Having looked more closely at what justifies political coercion, we are in a better position to see why the standard appeals to gratitude miss the mark. To appreciate this, recall our evaluations of Benefactor and Beneficiary. It is appropriate for the Beneficiary in Feinberg’s original example to feel grateful to his Benefactor because the latter spontaneously benefited the former out of goodwill. We do not blame Beneficiary for his lack of gratitude toward Benefactor in the second version, however, because, although Benefactor benefited Beneficiary in this instance too, he did so out of self-interest. For analogous reasons, a citizen has no debt of gratitude to her country because, although the state may be justified in forcing benefits upon her, the justification invokes the necessity of coercing all in order to benefit any rather than the goodwill that the state feels toward a particular unwilling subject. In short, since a state ultimately justifies its force by appealing to the importance of helping others, it is an inappropriate object of gratitude.

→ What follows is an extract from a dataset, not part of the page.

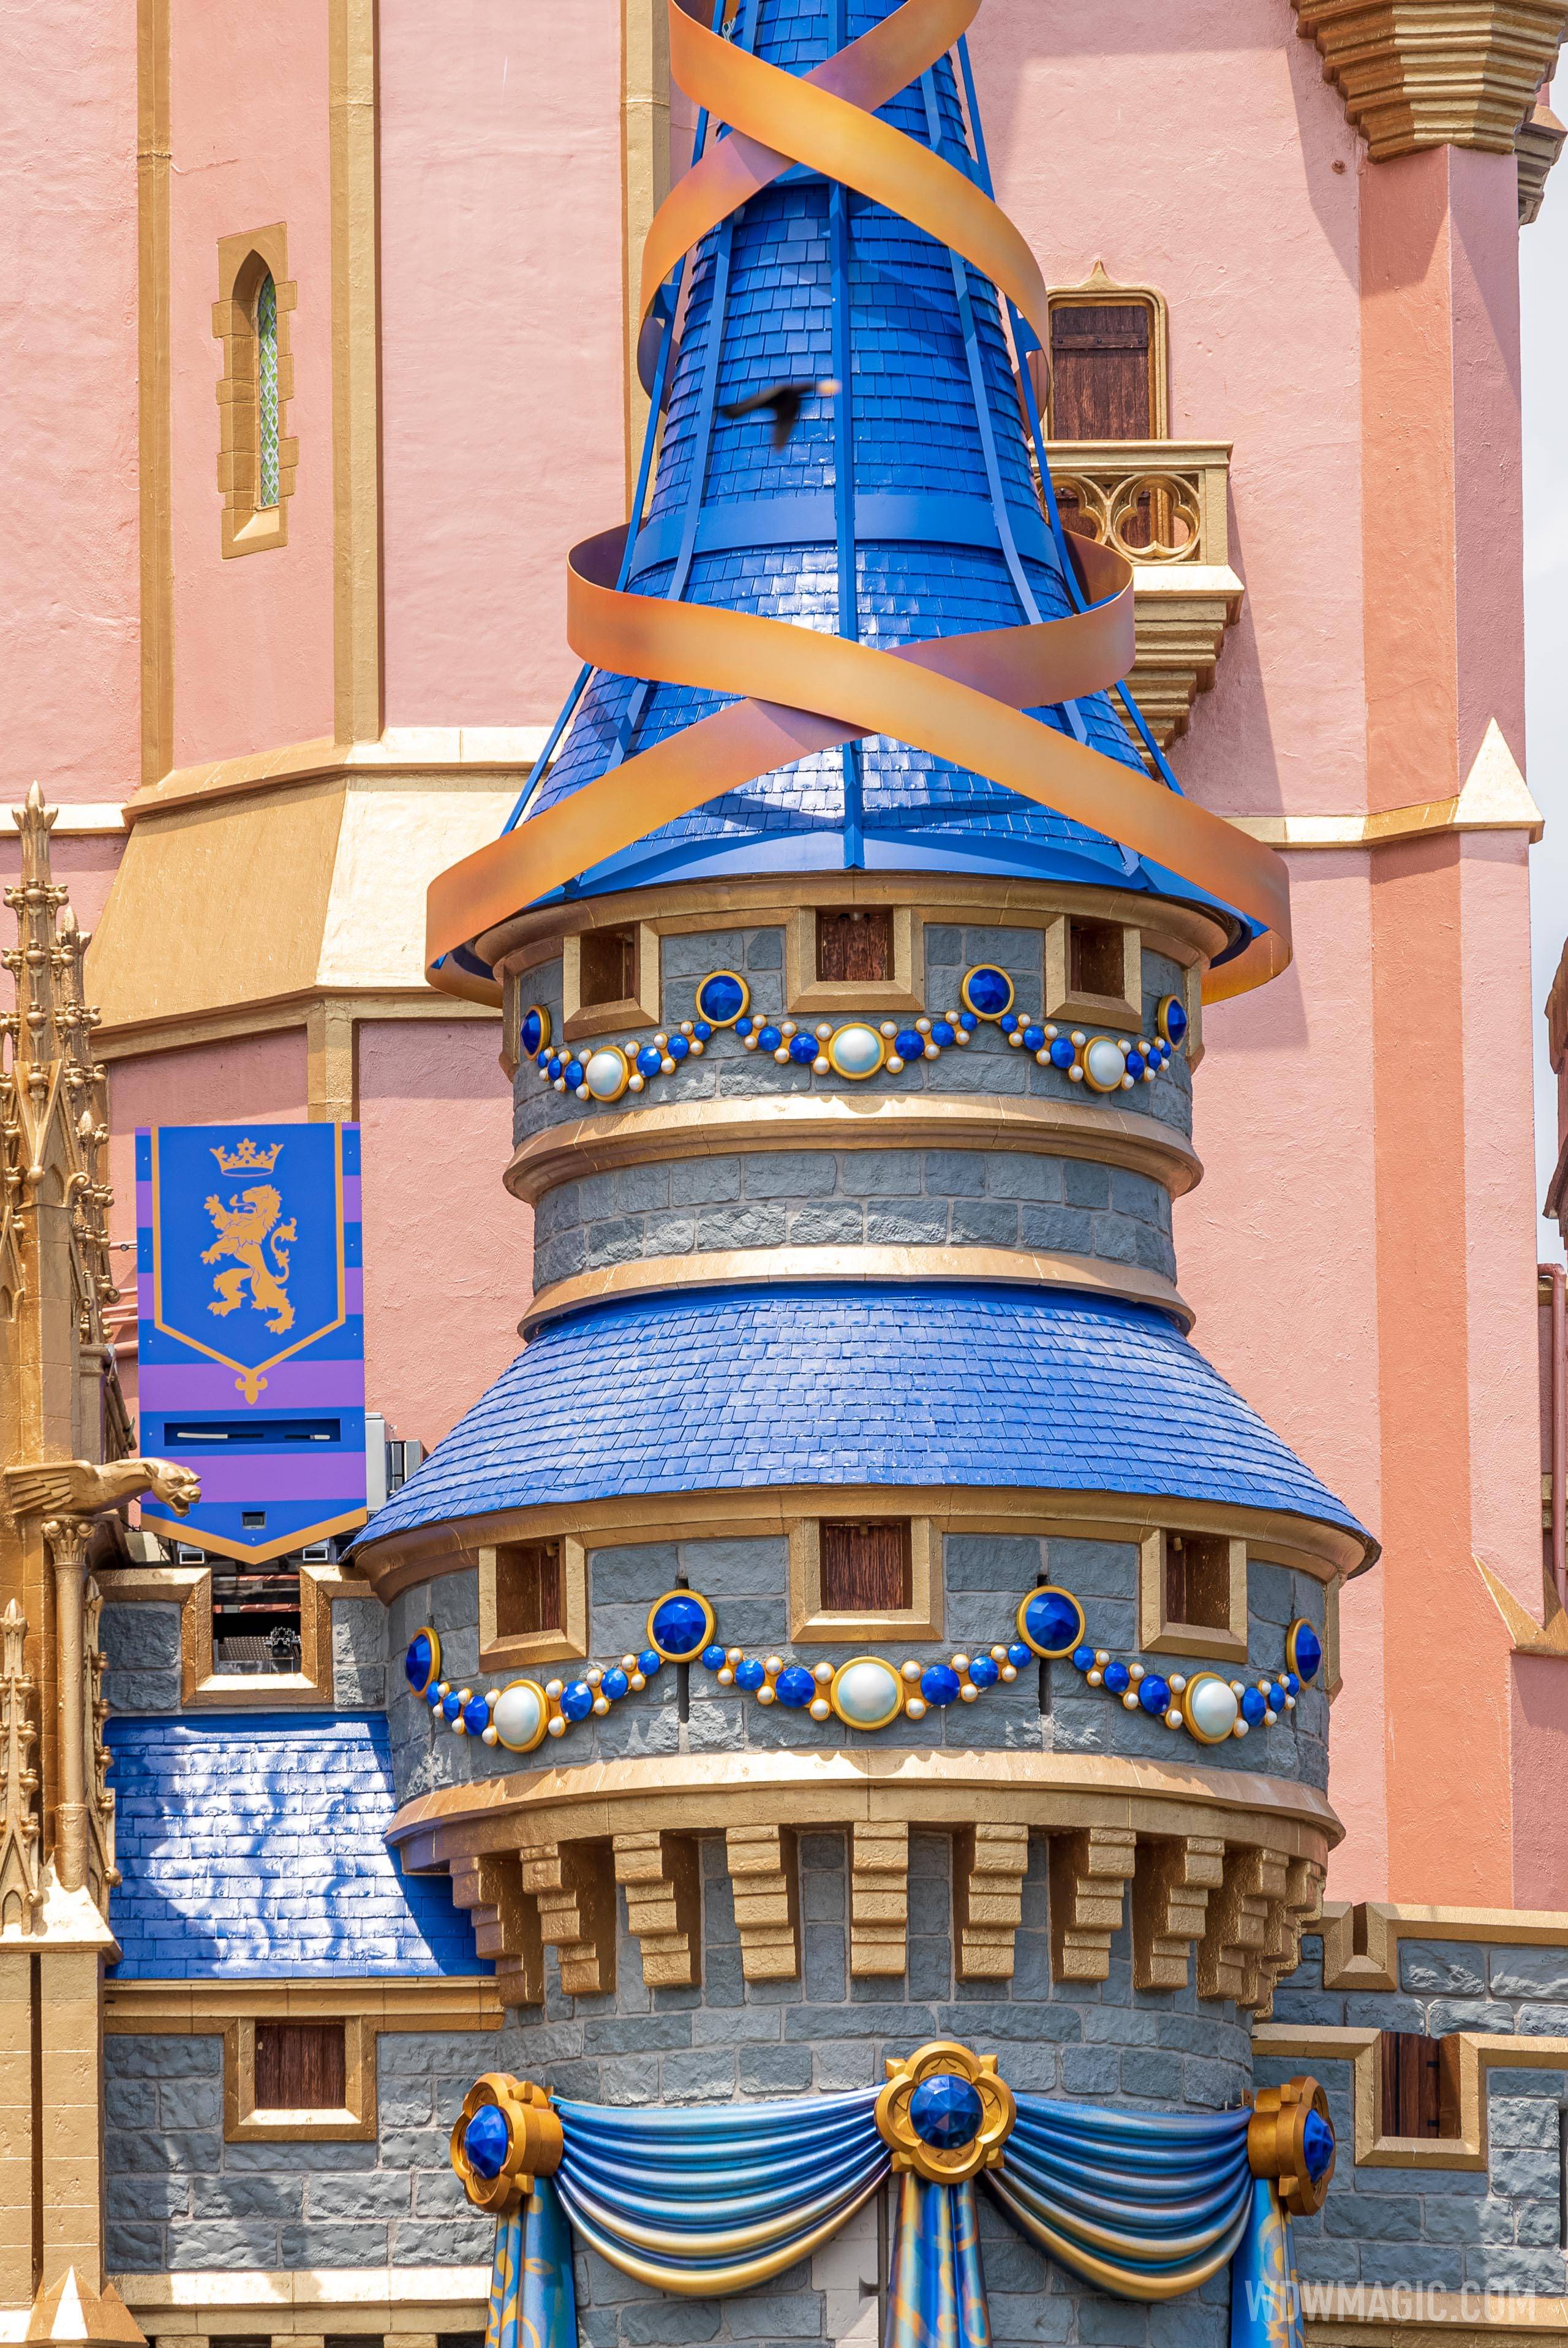 50th anniversary Cinderella Castle additions - April 15 2021

It is important to notice that I am not merely reiterating Simmons’s point that gratitude cannot form a solid foundation for a general theory of political obligation because those citizens who do not want the political benefits need not feel grateful. Certainly my analysis confirms this objection, but I am making a more sweeping claim here. Specifically, given that the state will coerce each of us whether or not we want to participate in the political cooperative, no citizen incurs a debt of gratitude since the state clearly lacks the benevolence and goodwill necessary to ground an obligation of gratitude. Just as we recognize that Beneficiary owes no moral debt to Benefactor even if Beneficiary would have voluntarily accepted the terms of Benefactor’s "gift," we must similarly conclude that even citizens who are happy to participate in their states do not have obligations of gratitude. Those who want the political benefits might be grateful that they have been included in their state, but they have no moral debt of gratitude for the benefits the state forces upon them. To emphasize: None of us owes a debt of gratitude to the state because, for each one of us, the state will coerce us, whether or not we will benefit, in order to secure essential benefits for our compatriots.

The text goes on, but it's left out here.